Я выхожу из вагона на углу 77-й улицы и Лексингтон-авеню. Стоит замечательный весенний вечер: кирпичные дома залиты последними лучами солнца, в воздухе витает золотой аромат гледичии. Не доходя до музея Уитни, я присаживаюсь на ступеньку за углом, чтобы сменить кеды на туфли, накрасить губы красной помадой и поправить грудь. На мне мое любимое коктейльное платье из светло-голубого льна, но вырез чуточку низковат, поэтому, если я не буду периодически приподнимать и раздвигать грудь, она станет похожей на попку младенца.
В музее царит настоящий бедлам, на ведущем ко входу бетонном мосту толпа не хуже, чем в метро в час пик. Я еще не попала внутрь, а уже зла. Женщина у входа протягивает мне значок с надписью: «Представить не могу, чтобы когда-нибудь захотела стать белой». Я подхватываю бокал вина с проплывающего мимо подноса и ныряю в толпу. Если начнется пожар, меня затопчут до смерти.
Мы договорились встретиться с родителями Питера у лифтов, но их еще нет. Я нахожу относительно пустой уголок у стены, прислоняюсь к ней и, глотая вино, смотрю на красивых людей, толкающихся вокруг. Темноволосый официант с шампанским на подносе уходит от меня в толпу.
– Можно мне бокальчик? – окликаю я, но он не слышит меня сквозь шум. Я дергаю его за рукав, чтобы привлечь внимание прежде, чем он исчезнет. Поднос в его руке резко наклоняется, и на мгновение кажется, что сейчас все полетит на пол, но официант ухитряется выровнять его, не опрокинув ни одного бокала. Не пролив ни капли.

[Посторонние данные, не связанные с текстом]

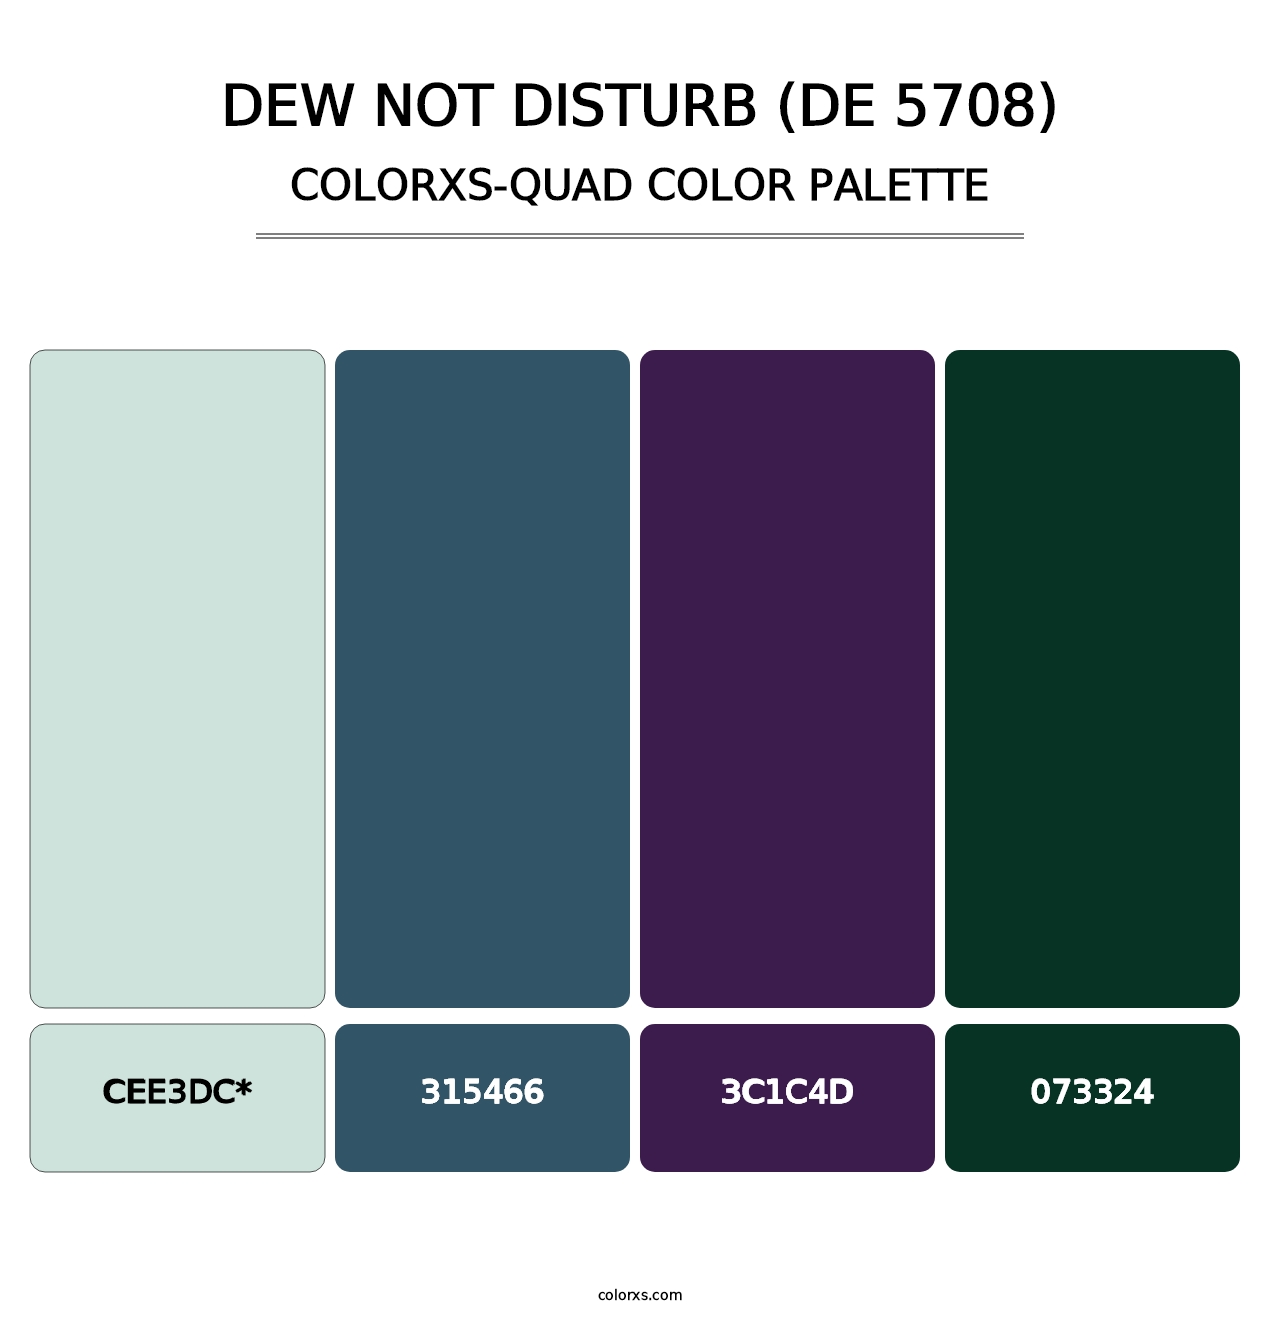 Dew Not Disturb (DE 5708) - Colorxs Quad Palette
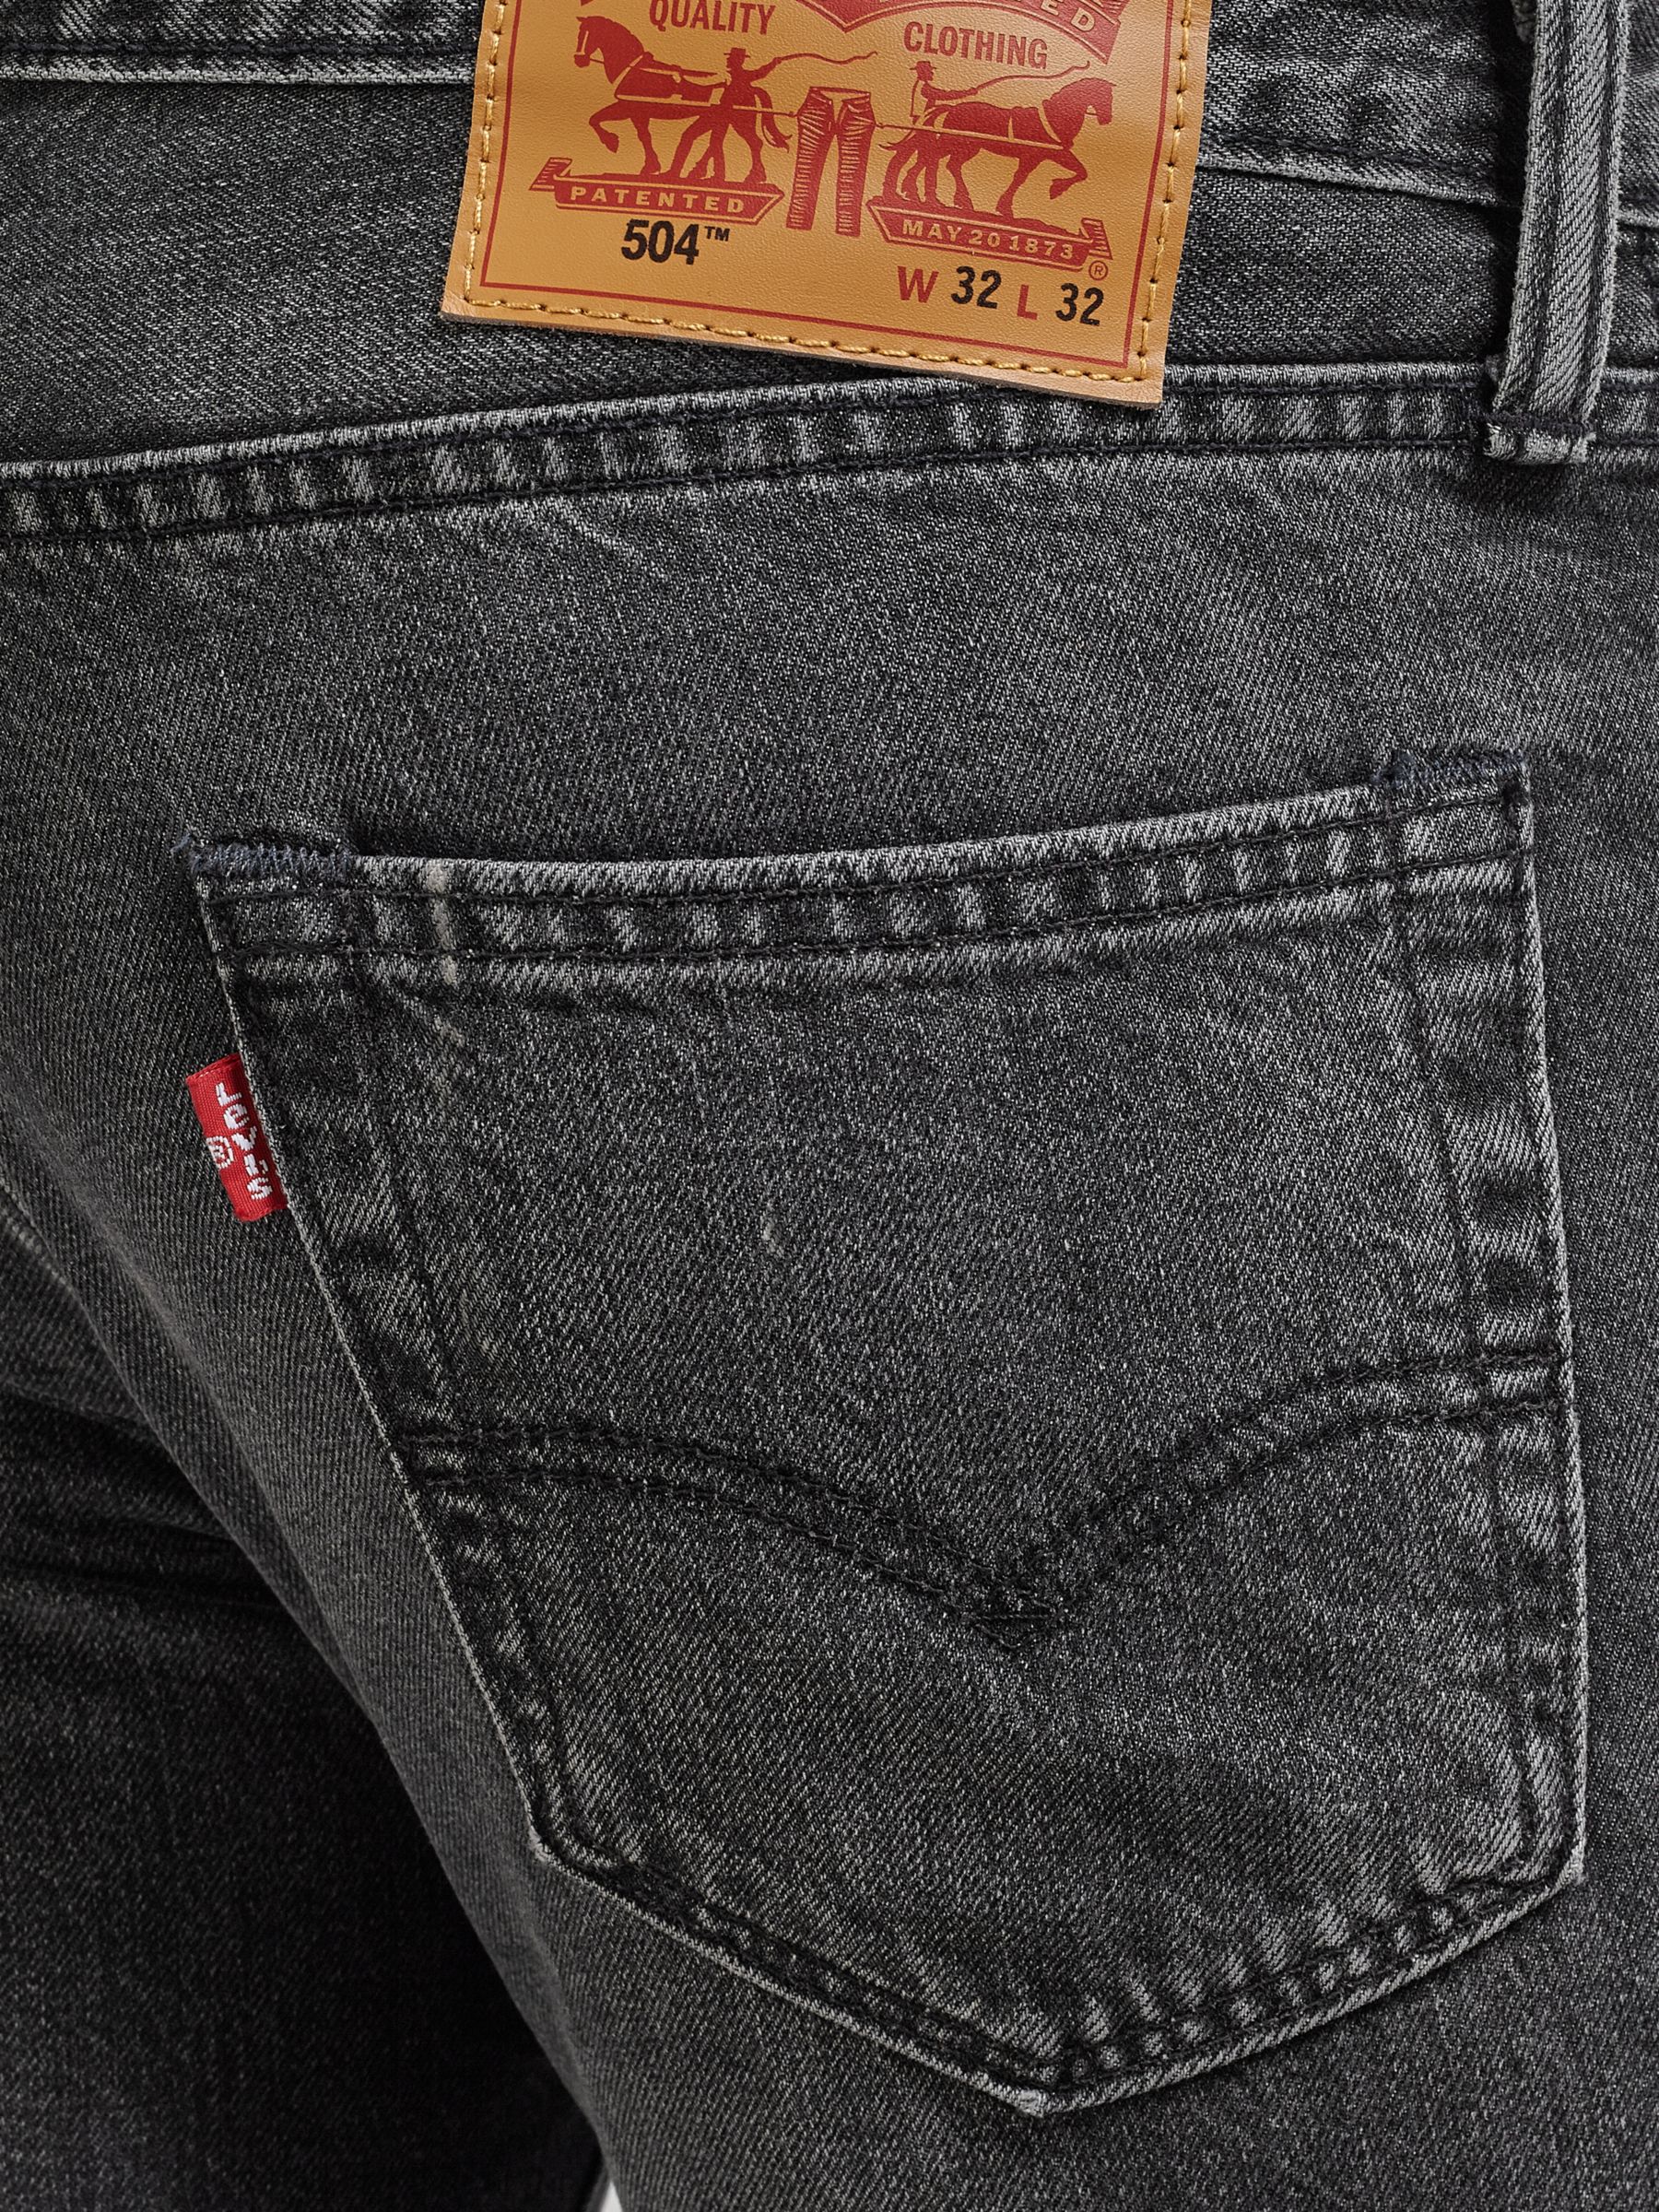 levi's men's 504 straight fit jeans

– Дура, – бормочет он и идет дальше, не дав мне взять бокал с подноса.
Я узнаю голос.
– Джонас?
Официант оборачивается и хмуро смотрит на меня. Это не Джонас.
Когда я смотрю ему вслед, меня охватывают печаль, разочарование, которого я в себе не подозревала, ощущение как от удара под дых – будто меня помиловали перед смертью, а потом, через несколько секунд, сказали, что ошиблись. Прошло уже четыре года с той встречи в кафе. С того поцелуя. С последующего дня, когда я не ответила на сообщение, которое он оставил на мамином автоответчике, стерла его, сделала тосты и отнесла Питеру кофе в постель, зная, что Джонас – то, что могло бы быть. Может быть, даже то, что должно быть. Зная, что уже слишком поздно.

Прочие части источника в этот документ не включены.